A generic look-up table is used to implement any function that can be bounded within the inputs and outputs of the LUT. Bigger functions are broken down into smaller functions tailored to fit into the LUTs. The device routing resources suitably connect these LUTs. Typically, in a circuit netlist mapped into LUTs, multiple LUTs are used to implement identical or similar functionality. A good example would be an adder implementation in which the number of LUTs programmed to perform addition is directly proportional to the number of bits being added. It follows that a plurality of LUTs would be programmed with the same set of configuration bits. As will be seen, numerous such scenarios exist.
The object and summary of the invention
Thus, the object of this invention is to provide a technique for a look-up table architecture that reduces the number of LUTs to implement identical and/or logically equivalent functions.
To achieve the said objective, this invention provides a look-up table comprising: a plurality of decoders each having a plurality of inputs and an output and each having a plurality of selection lines;
a plurality of common storage elements connected to the inputs of said decoders;
a plurality of buffers respectively connected between said common storage elements and at least one of said decoders for driving the inputs of said at least one decoder; and
a programmable switch network selectively connecting said common storage elements to the inputs of said decoders;
said common storage elements being concurrently accessible by said decoders to simultaneously provide multiple outputs thereto.

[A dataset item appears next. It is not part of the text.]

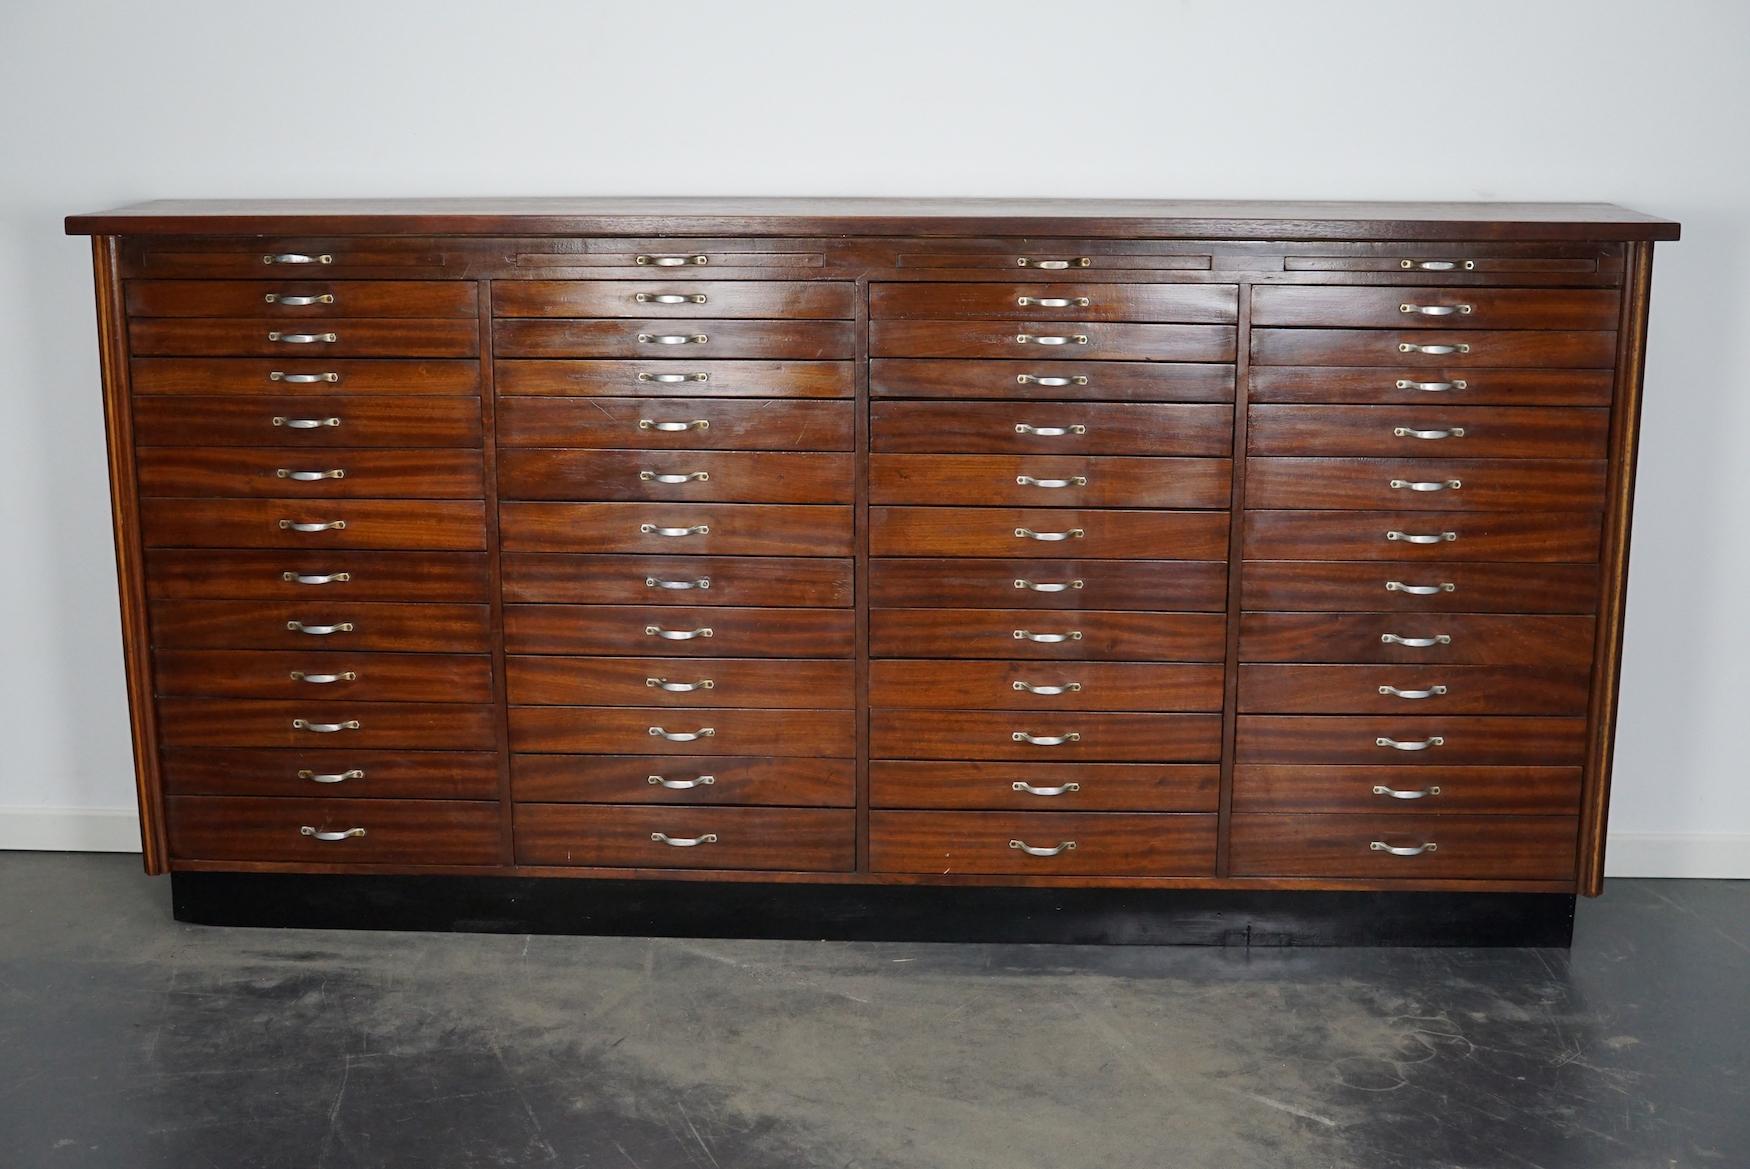 This jewelers / watchmakers cabinet was designed and made circa 1930 in the Netherlands. It features 48 mahogany fronted drawers in three different sizes: DWH 25 x 47 x 3.5 / 5.5 / 8 cm.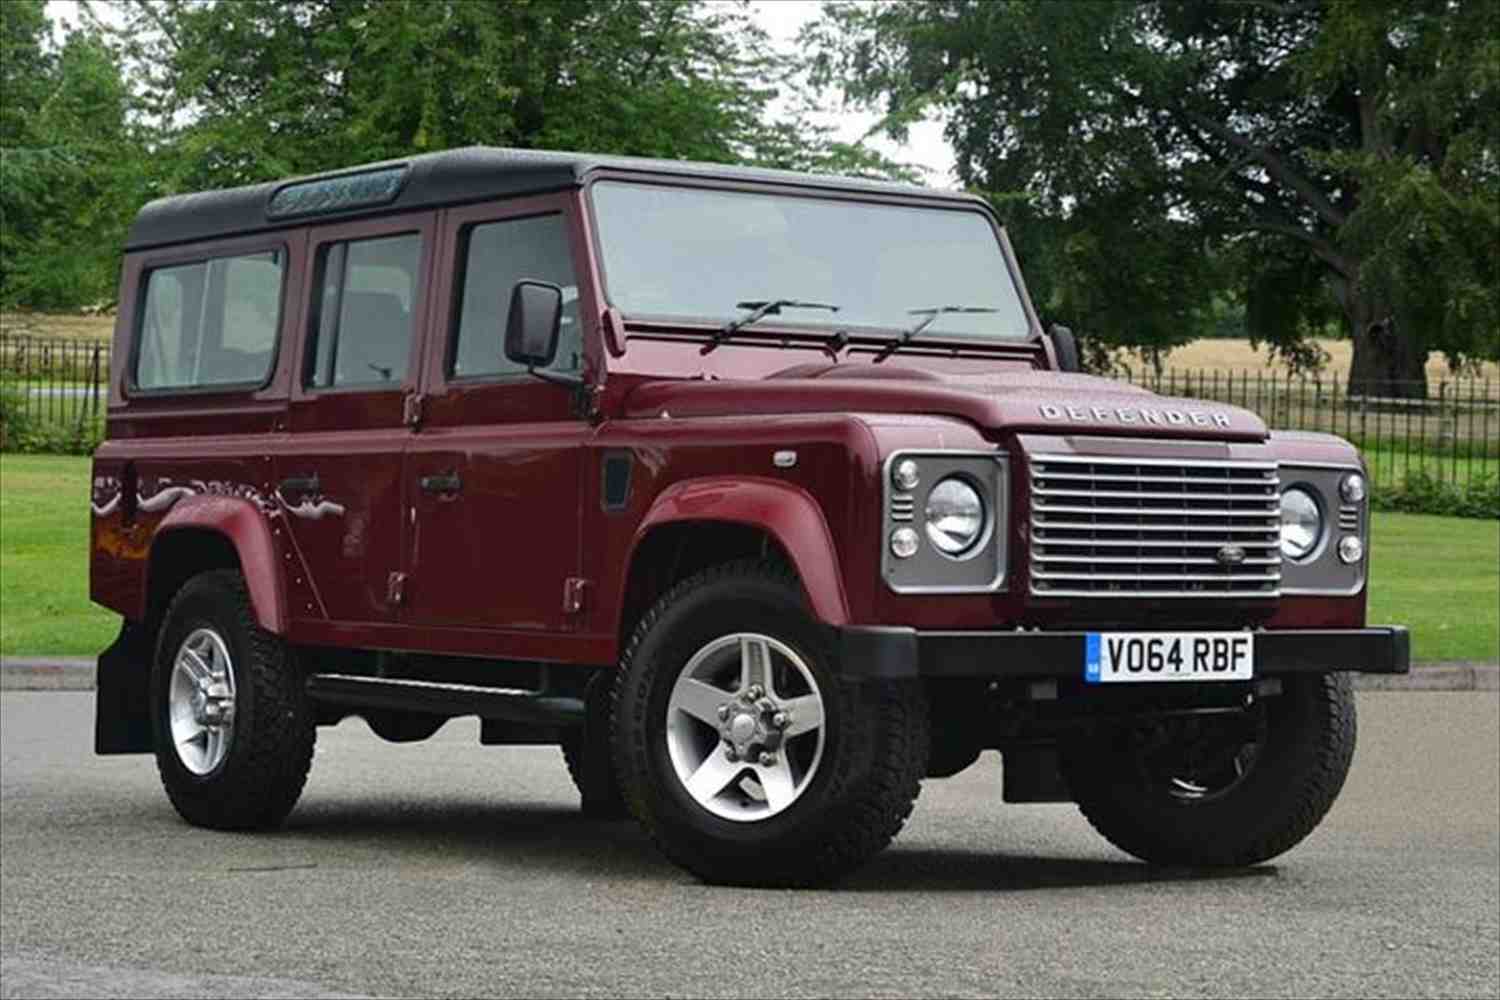 Land-Rover-Defender-110-LWB-Diesel-110-LWB-Diesel-XS-Station-Wagon-TDCi-(2.2)-in-Montalcino-Red-at-Listers-Land-Rover-Hereford

The said common storage element comprises static random access memory (SRAM) storage elements.
The above look-up table comprises a controllable inverter connected to the output of at least one of said decoders.

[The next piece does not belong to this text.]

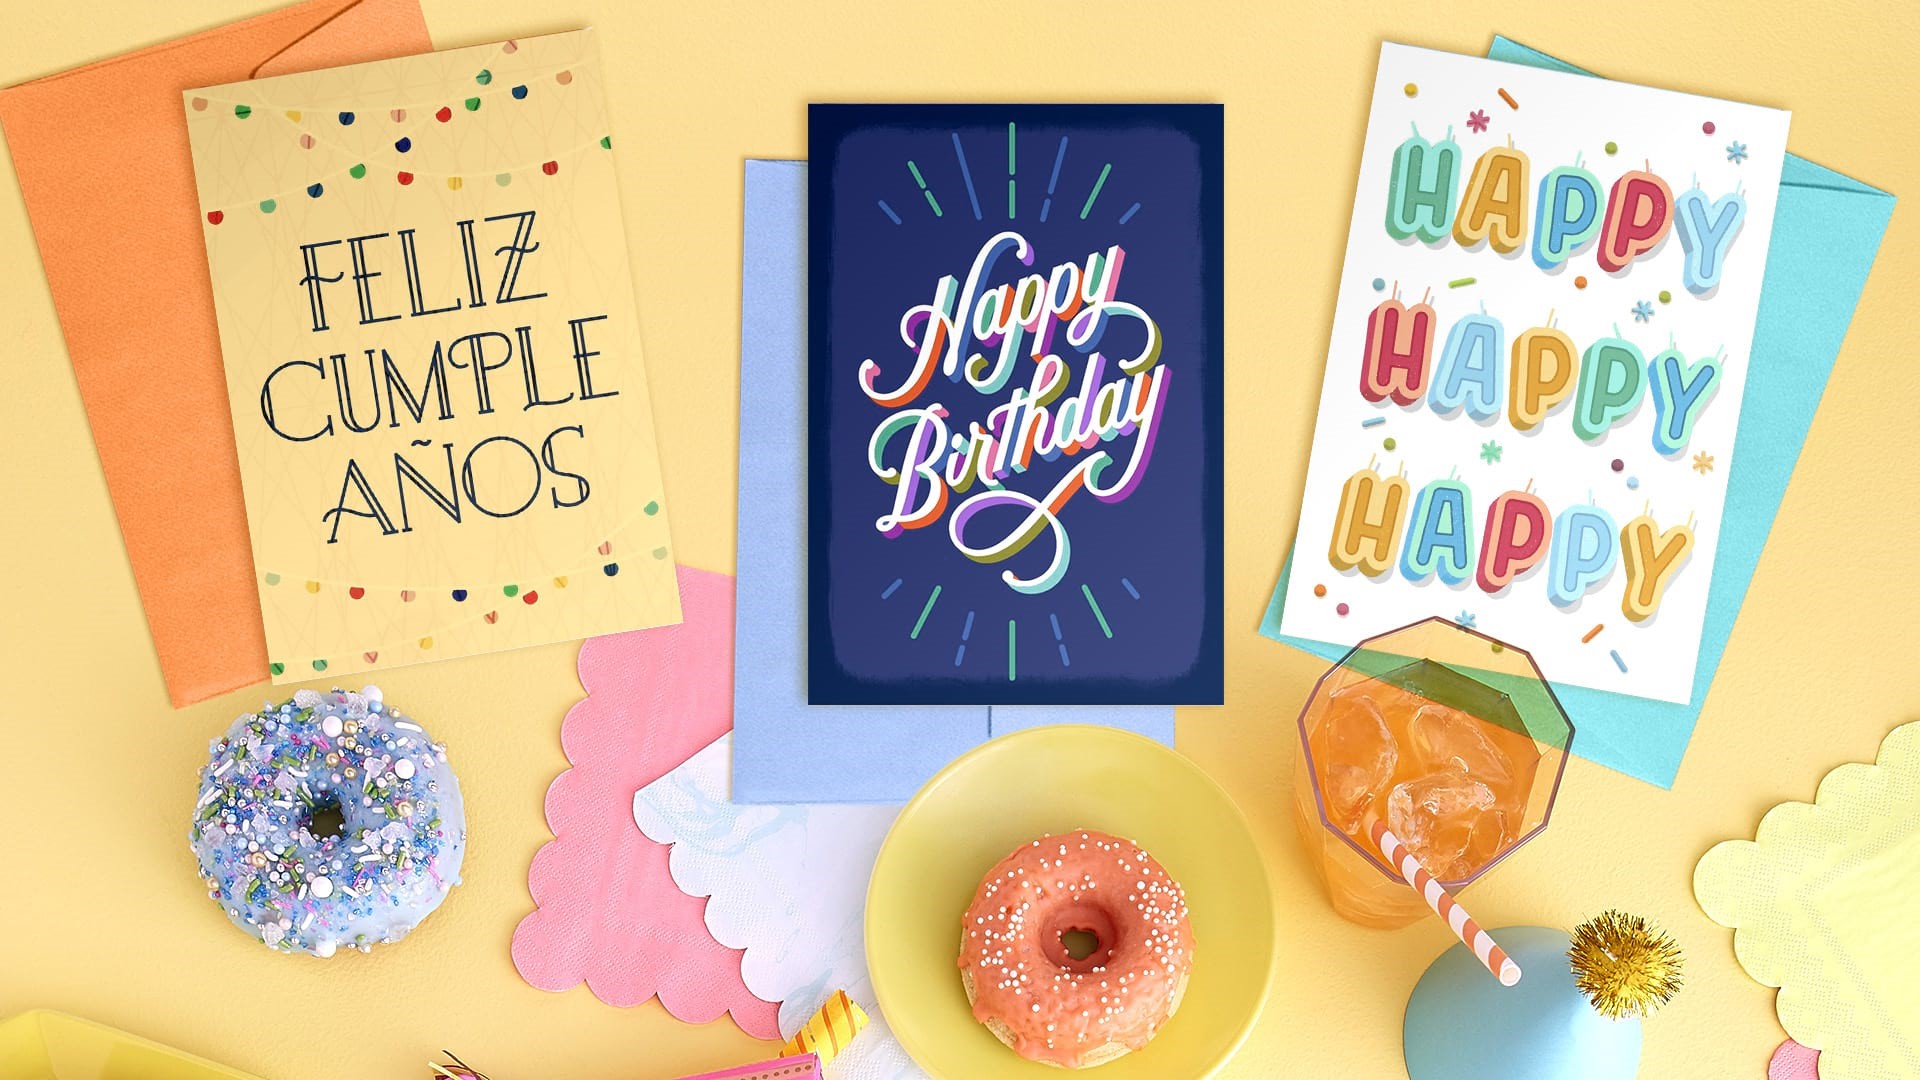 25 Sentiments for Staff Birthday Cards

The said controllable inverter has a static control. The said controllable inverter has a dynamic control.
The said look-up table comprises an exclusive OR gate connected to the output of at least one of said decoders.
The present invention further provides a method for reducing the number of programmable architecture elements in a lookup table as claimed in any one of the preceding claims, required for implementing Boolean functions or other operations that are identical or logically equivalent, the method comprising:
connecting a plurality of common storage elements to the inputs of said decoders using a programmable switch network;
connecting a buffer between each of the common storage elements and at least one of the decoders for driving the inputs of the at least one decoder; and
using the decoders to concurrently accesses the common storage elements to simultaneously receive multiple outputs therefrom.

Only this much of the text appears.